Sri Lanka bombings: Christchurch retaliation suggested, ISIS claim responsibility

A politician has told the Sri Lankan Parliament that the bombings there in the weekend were a retaliation for the Christchurch mosque attacks on 15 April, but has given no details.

The Prime Ministers of both Sri Lanka and New Zealand say that this claim is ‘premature’.

ISIS have claimed responsibility for the bombings, but it is not clear to what extent, if any.

RNZ: Easter Sunday bombings were retaliation against New Zealand mosque attack – Minister

A Sri Lanka official says initial investigation shows Easter Sunday bombings were a retaliation against New Zealand mosque attack.

A series of coordinated blasts in churches and hotels hit Sri Lanka on Sunday leaving 321 people dead and 500 injured.

“The initial investigation has revealed that this was in retaliation for the New Zealand mosque attack,” junior minister for defence Ruwan Wijewardene told parliament.

“It was done by National Thawheed Jama’ut along with JMI,” he said, referring to another local group, Jammiyathul Millathu Ibrahim.

However, the Associated Press said Mr Wijewardene made the statement about retaliation “without providing evidence or explaining where the information came from”.

So it isn’t clear if this is based on information or facts, or if it is just speculation.

A spokesperson for Prime Minister Jacinda Ardern said: “We have seen reports of the statement from the Sri Lankan Minister of state for defence, alleging a link between the the Easter Sunday terrorist attack and the March 15 attack in Christchurch.

“We understand the Sri Lankan investigation into the attack is in its early stages. New Zealand has not yet seen any intelligence upon which such an assessment might be based.

While it was always possible the Sri Lankan bombings could be in some way linked to the Christchurch shootings I doubt that is the whole explanation.

Finding seven people wiling to be suicide bombers, training and equipping them and planning and carrying out a co-ordinated attack would take time, weeks perhaps, but likely months.
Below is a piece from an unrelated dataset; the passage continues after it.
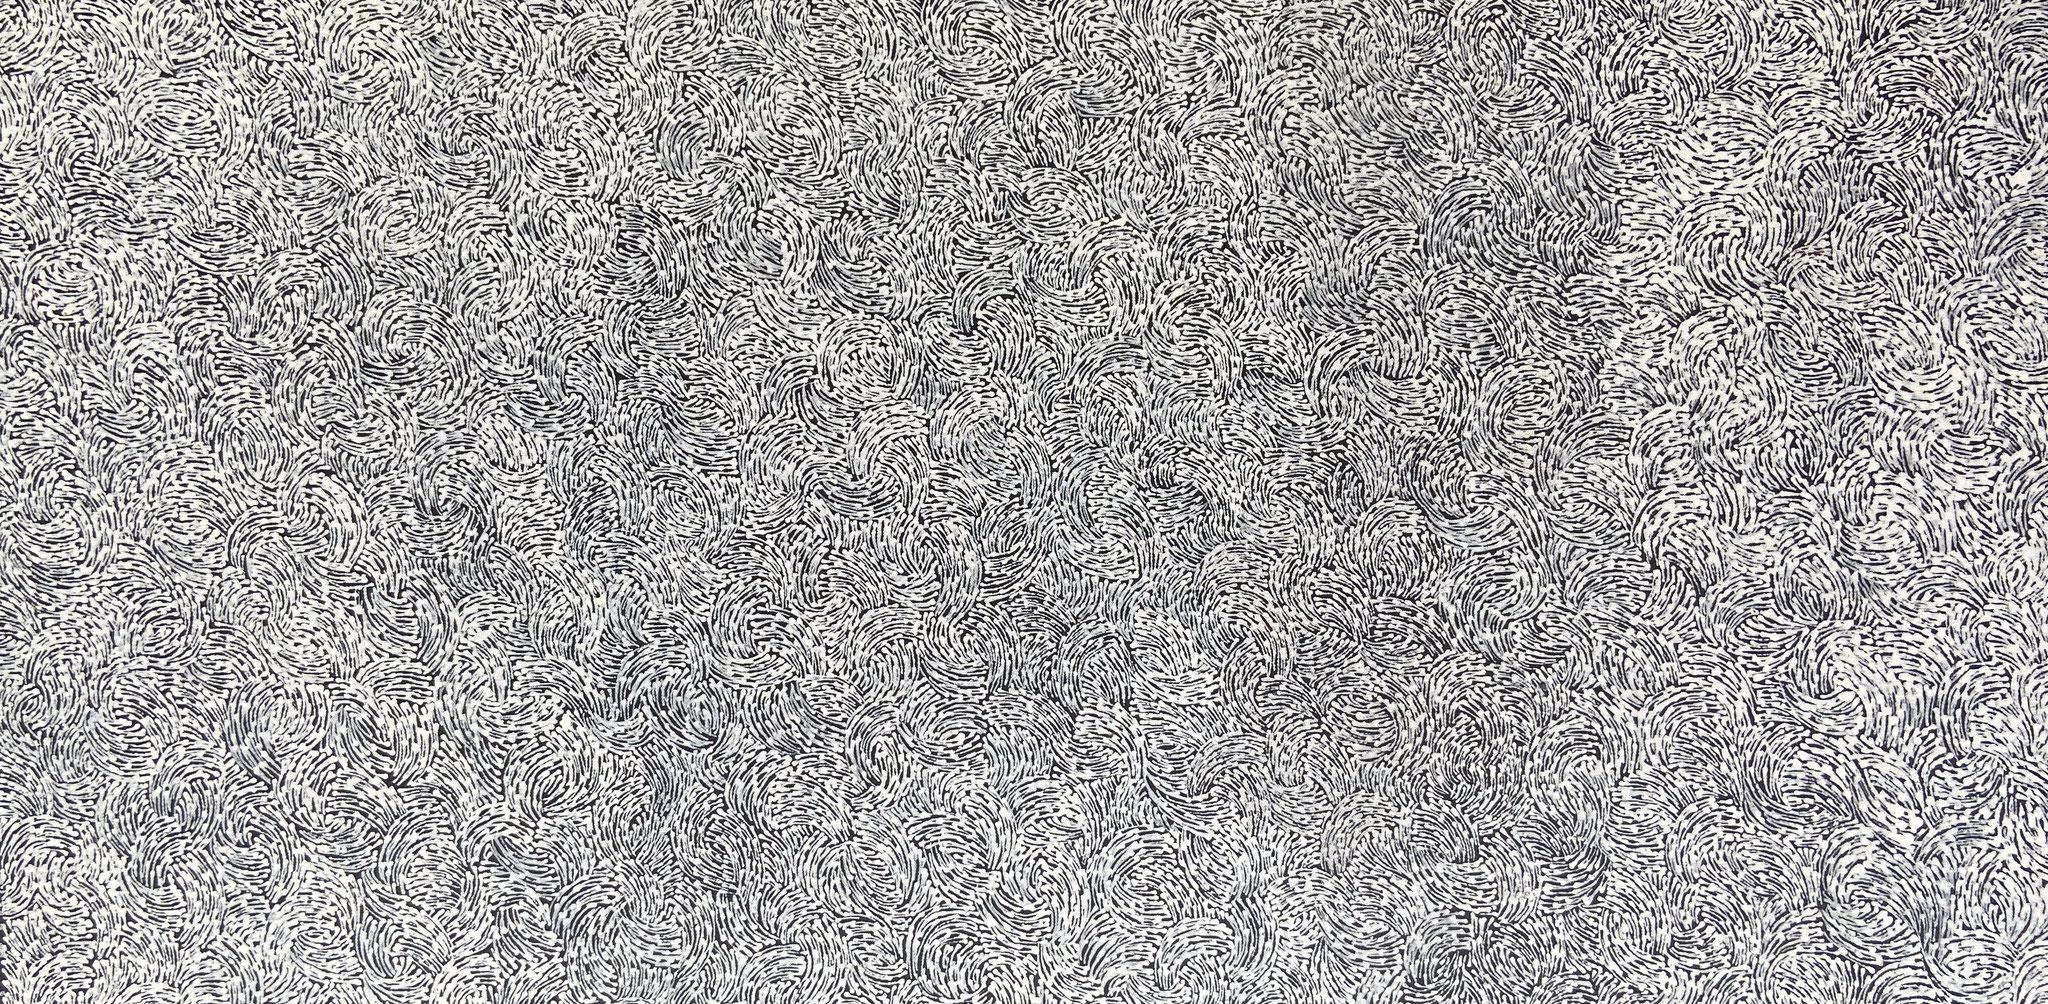 25 ナタリー・パーブス 「ボディ・ペイント」 500x960mm

Christchurch could just be being used as a convenient excuse, with the connection being used to stir up division and fear.

ABC News:  ISIS claims responsibility for Sri Lanka Easter bombings that killed over 300

The Islamic State group claimed responsibility for a wave of coordinated bombings at churches and high-end hotels across Sri Lanka.

The terrorist organization offered no evidence to support that assertion, which was initially announced in a statement in Arabic published by its Amaq news agency on Tuesday, saying the attackers were “among the fighters of the Islamic State,” according to a translation by SITE Intelligence Group, a company that tracks extremist groups.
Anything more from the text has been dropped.